> _Required action_
Your job with the data below: print everything from the line that holds "Bionitid, fabricante de" down to the line that holds "1235 S Lakeview", ends included, exactly, and nothing else.
Data for this exercise: Begin
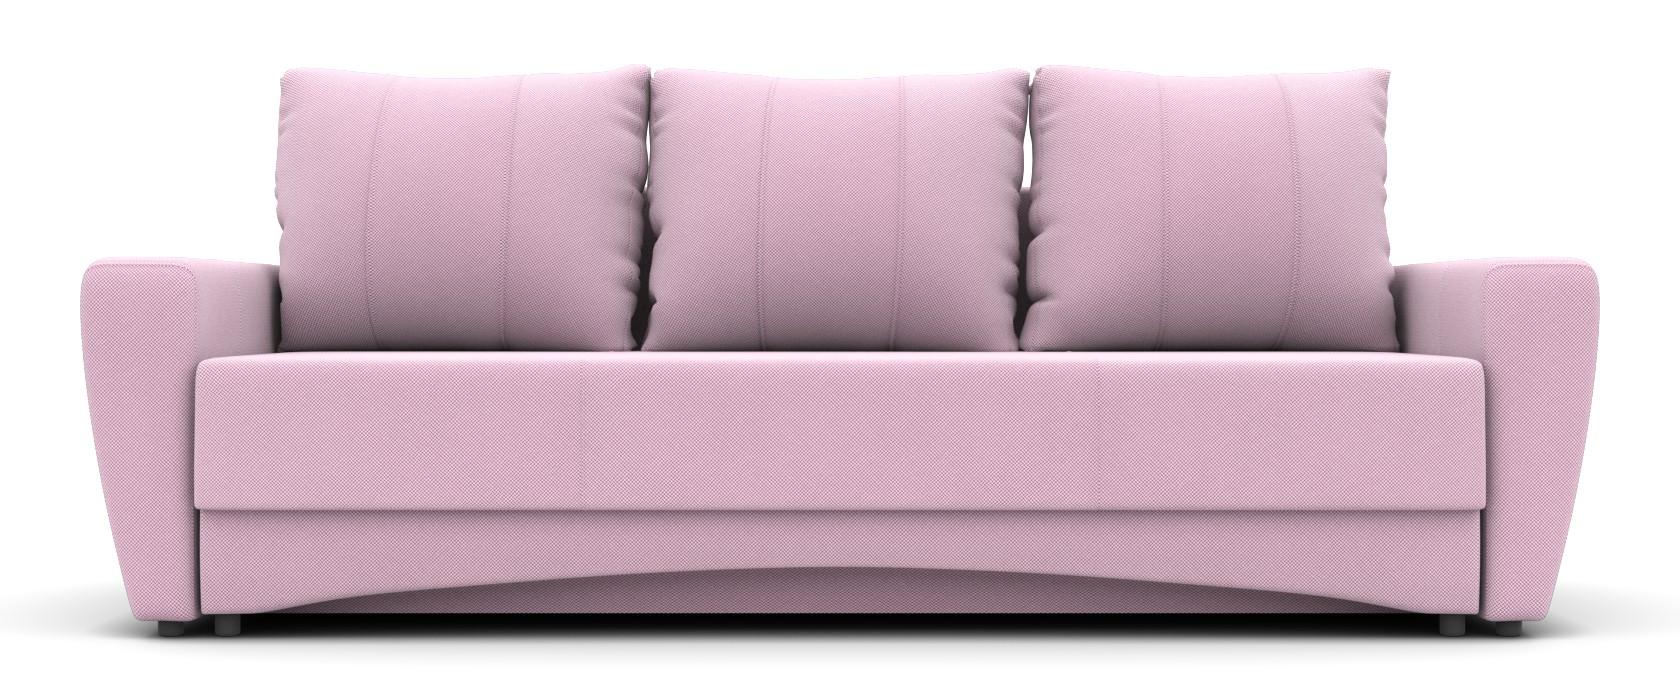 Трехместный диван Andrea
Data for this exercise: End
Data for this exercise: Begin
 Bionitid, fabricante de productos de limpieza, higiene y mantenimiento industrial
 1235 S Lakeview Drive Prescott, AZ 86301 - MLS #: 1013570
Data for this exercise: End
Data for this exercise: Begin
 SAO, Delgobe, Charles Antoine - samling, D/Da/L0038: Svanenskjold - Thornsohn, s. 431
Data for this exercise: End
> _Problem solution_
 Bionitid, fabricante de productos de limpieza, higiene y mantenimiento industrial
 1235 S Lakeview Drive Prescott, AZ 86301 - MLS #: 1013570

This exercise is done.